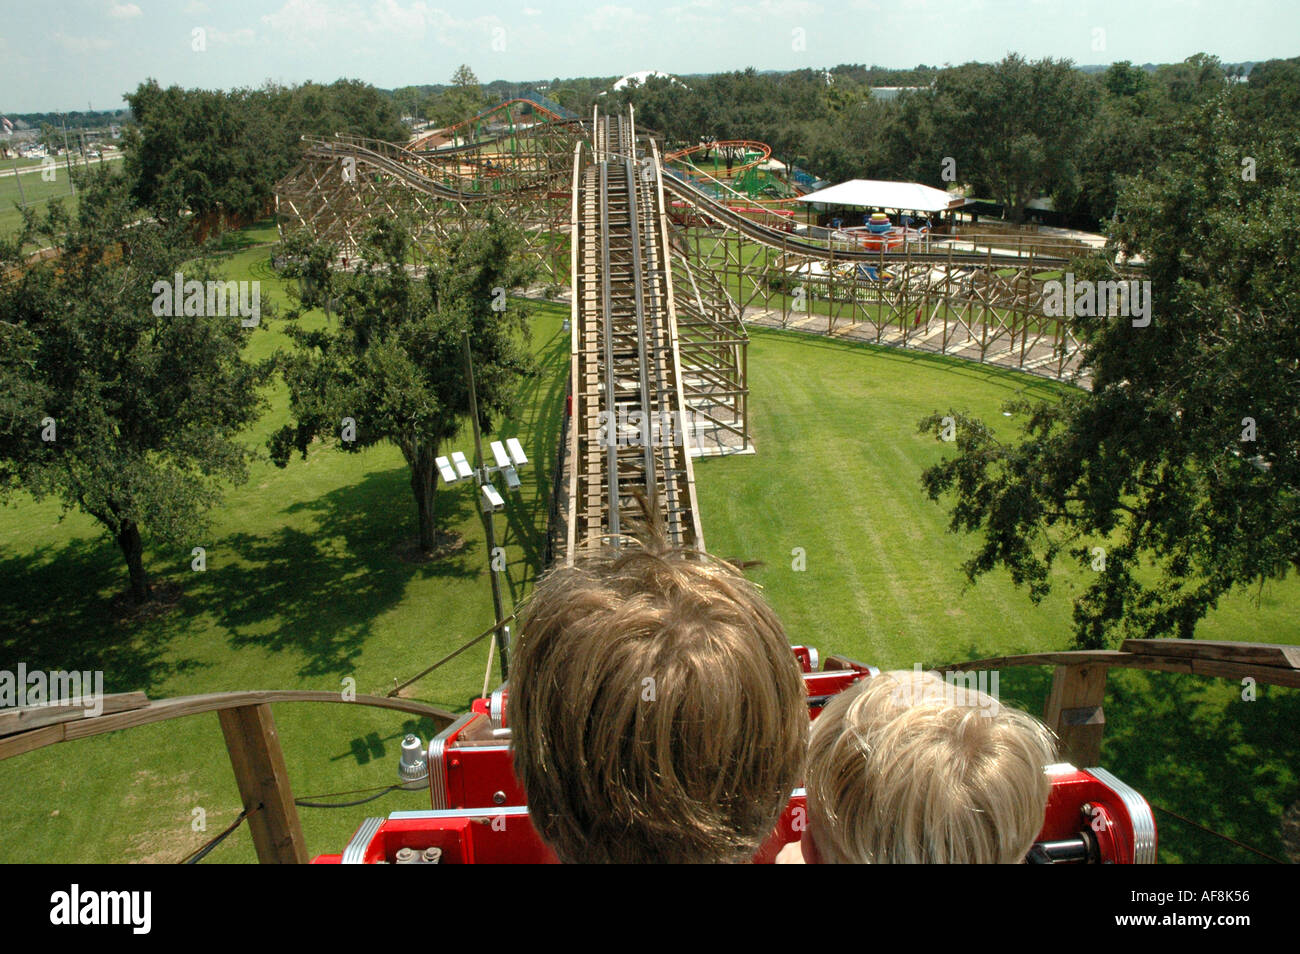 Cypress Gardens Adventure Park Florida Fl Winter Haven Florida attractions Triple Hurricane wooden roller coaster ride Stock Photo
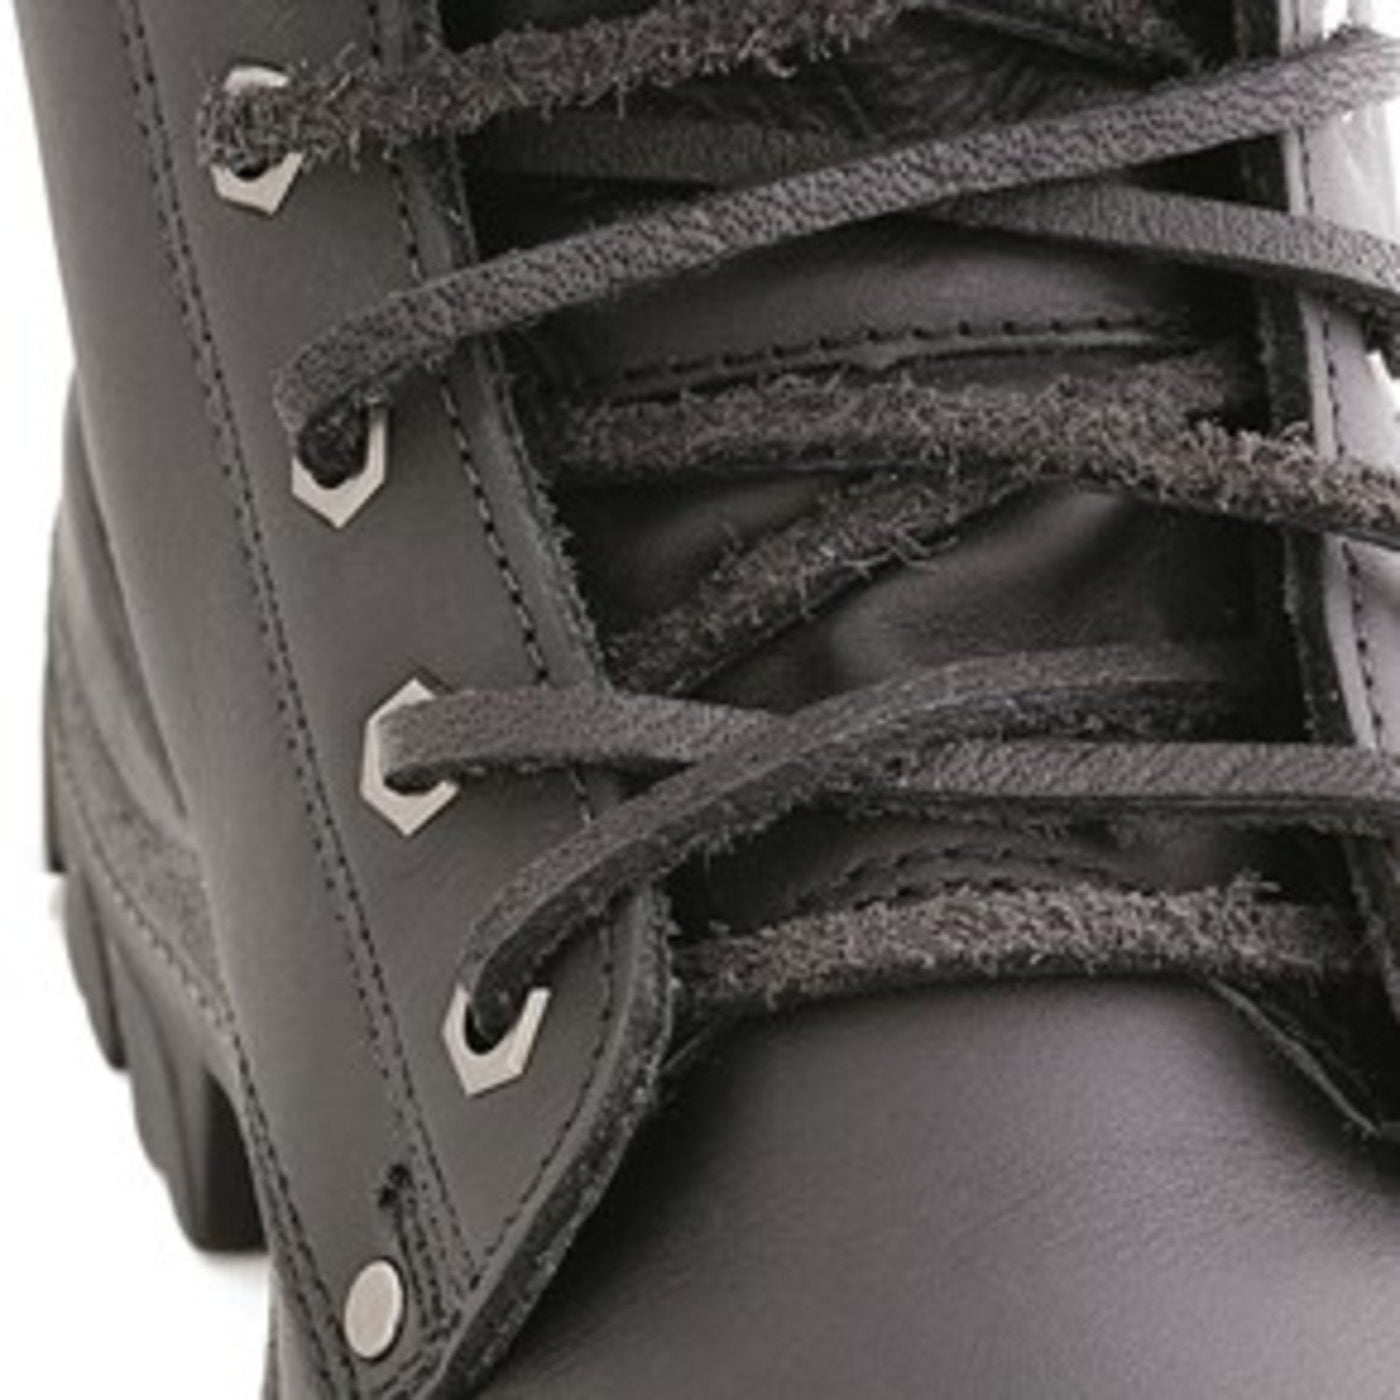 Footwear - Steel Blue Boots Leather Lace 140cm
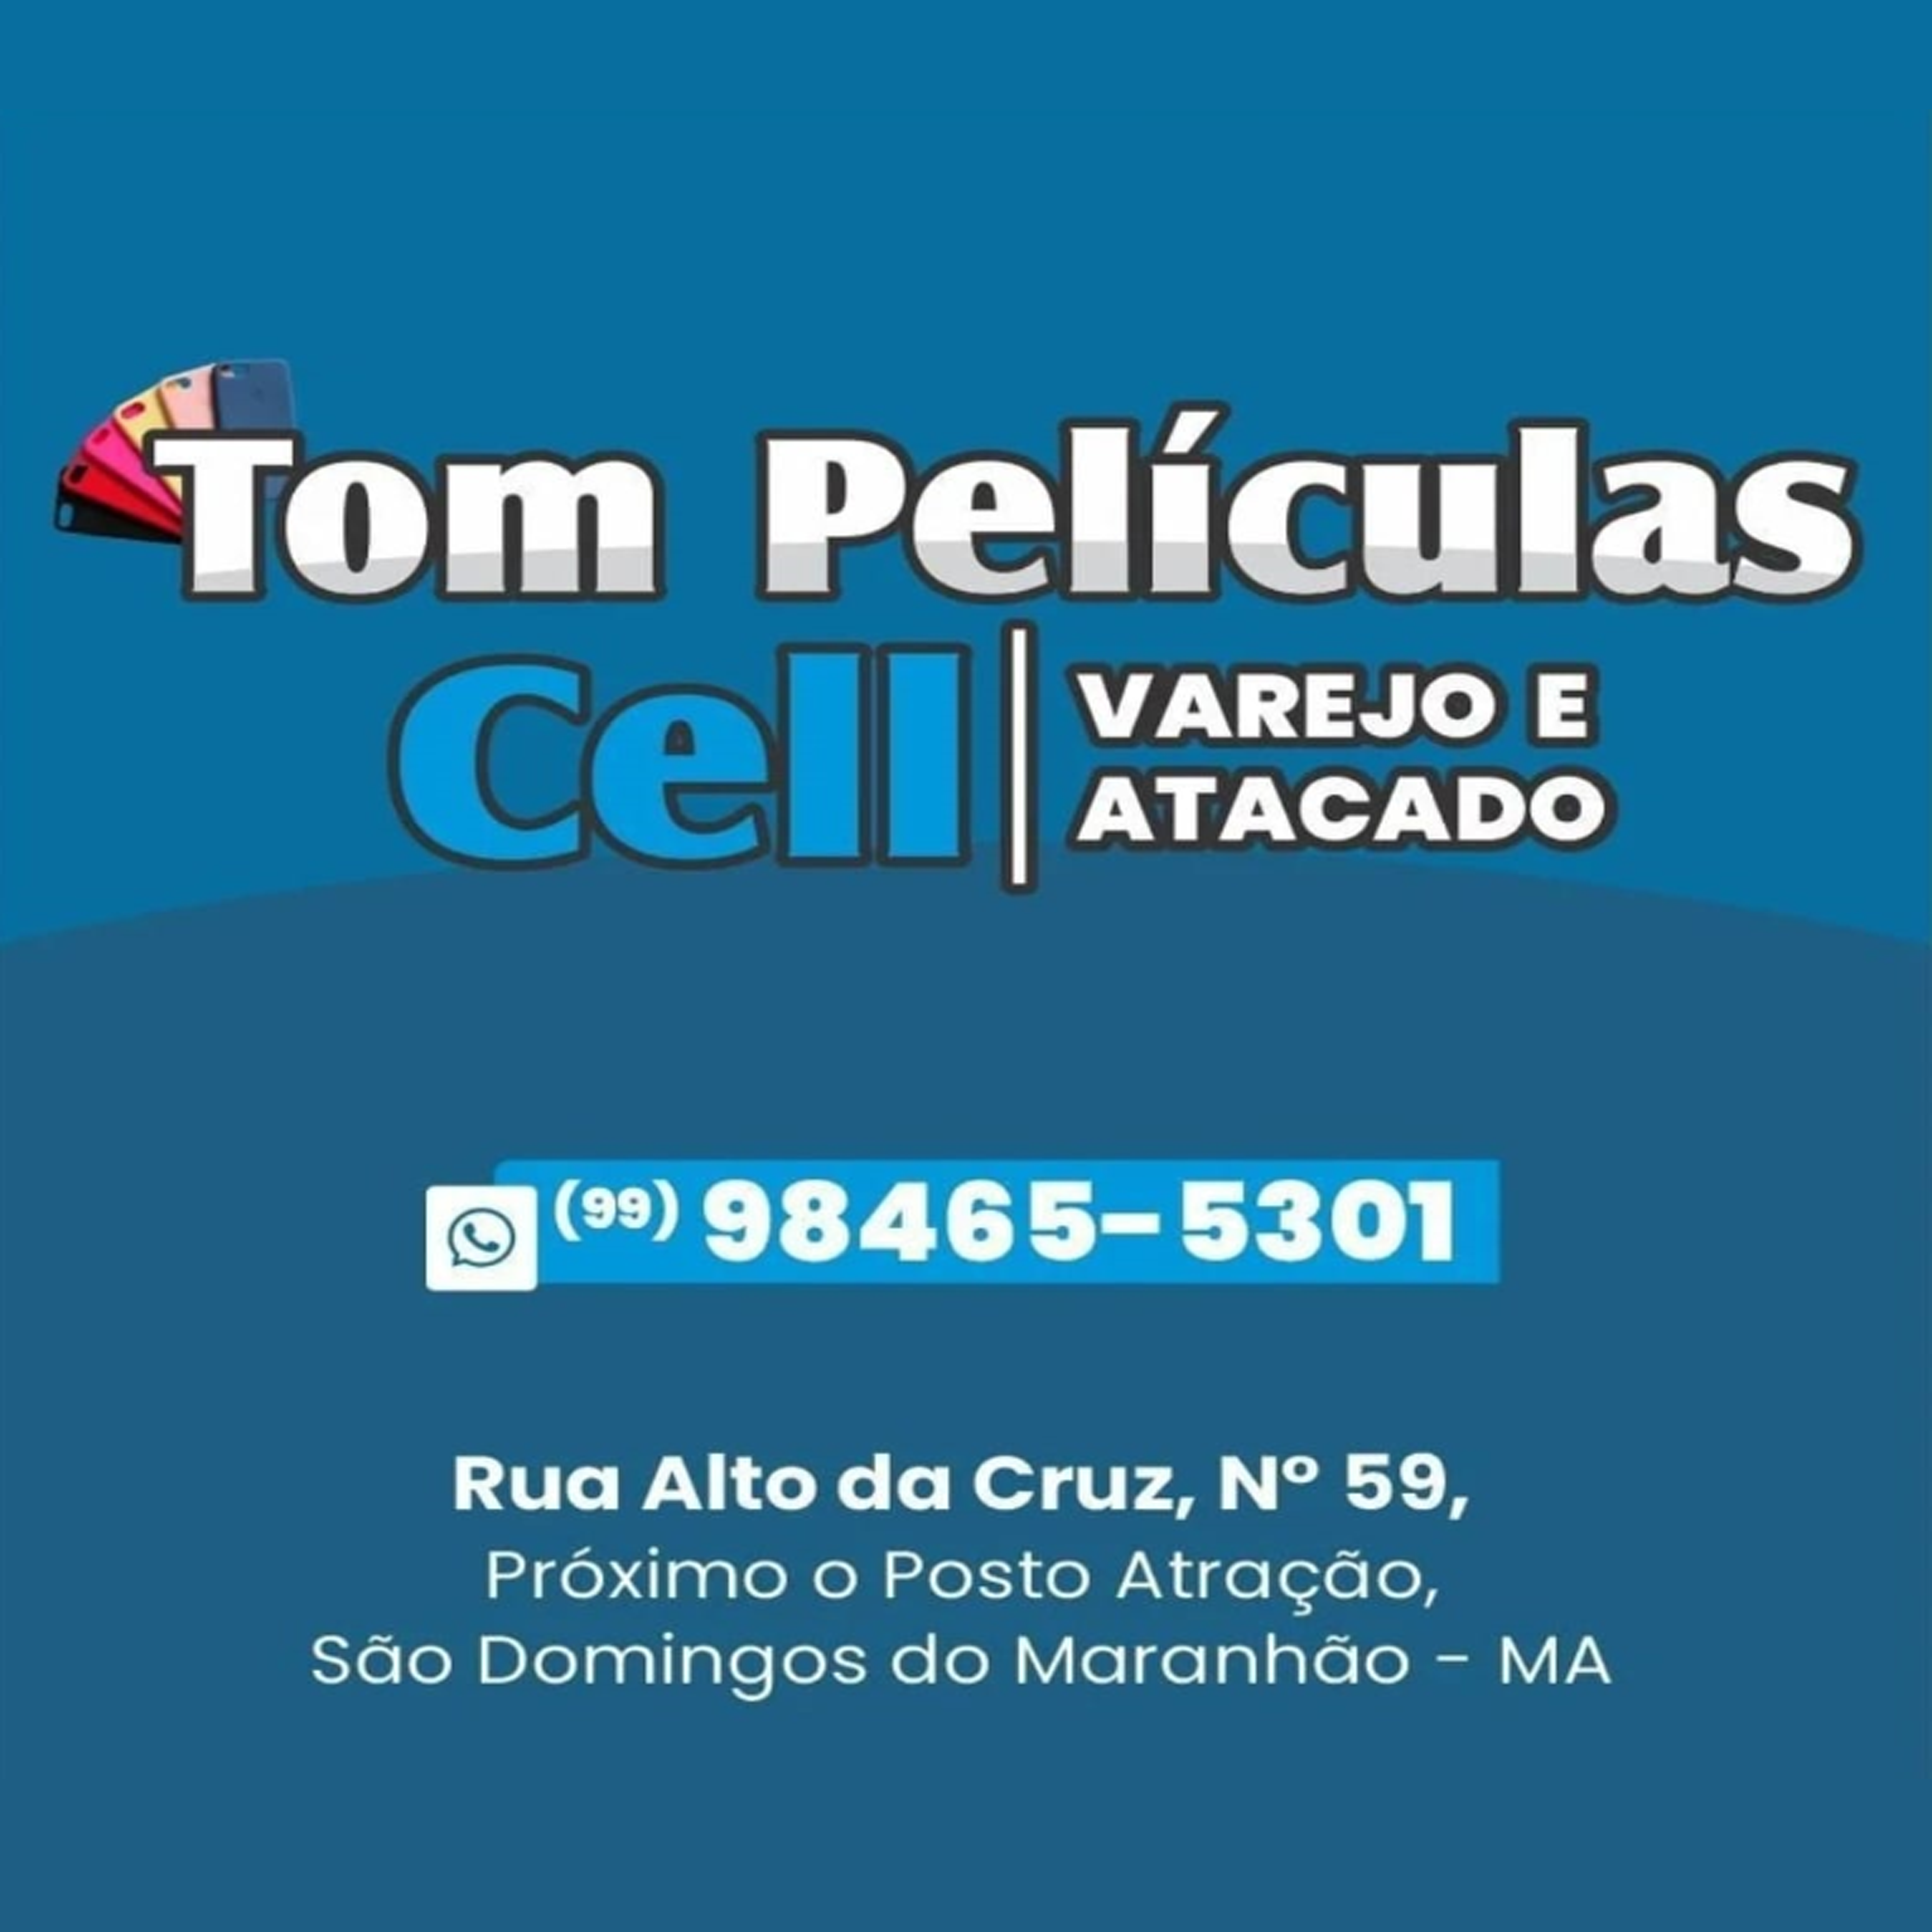 Tom Periculas Cell - Varejo e Atacado
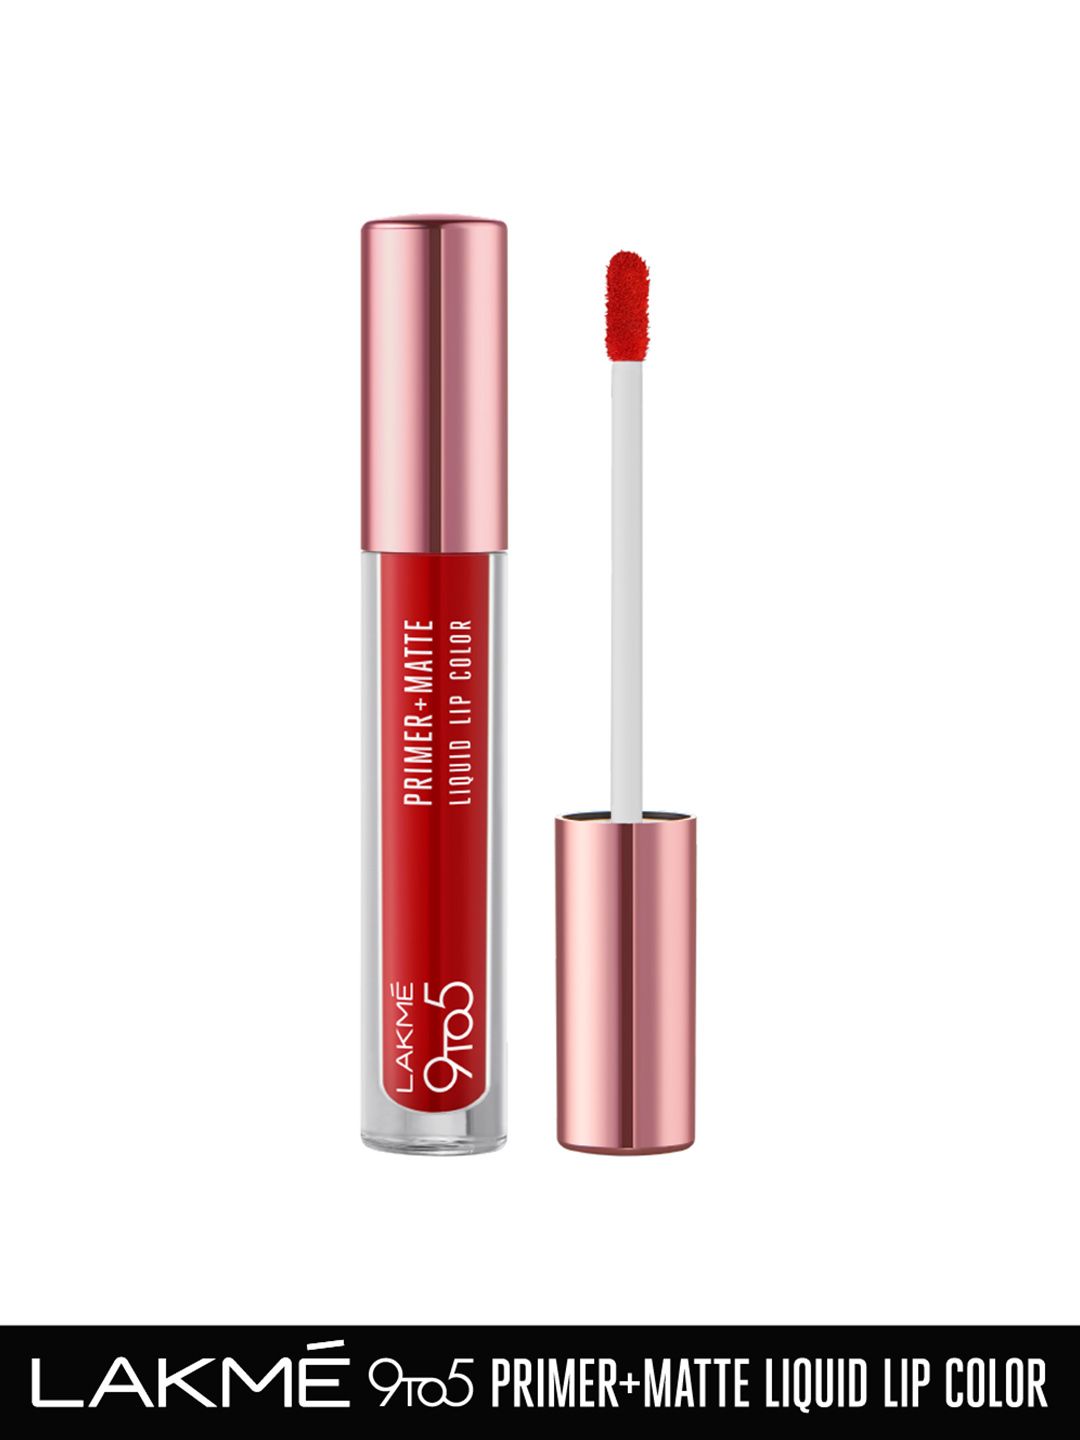 Lakme 9 to 5 Primer+Matte Liquid Lip Color with Vit-E and Argan Oil 4.2ml - Driven Red MR2 Price in India
--
_Your task_
Copy the line showing "Footwear - Steel" exactly, along with each line after it through the end of the material above. Pictures stay out.

_Reply to the task_
 Footwear - Steel Blue Boots Leather Lace 140cm
 Tom Periculas Cell - Varejo e Atacado
 Lakme 9 to 5 Primer+Matte Liquid Lip Color with Vit-E and Argan Oil 4.2ml - Driven Red MR2 Price in India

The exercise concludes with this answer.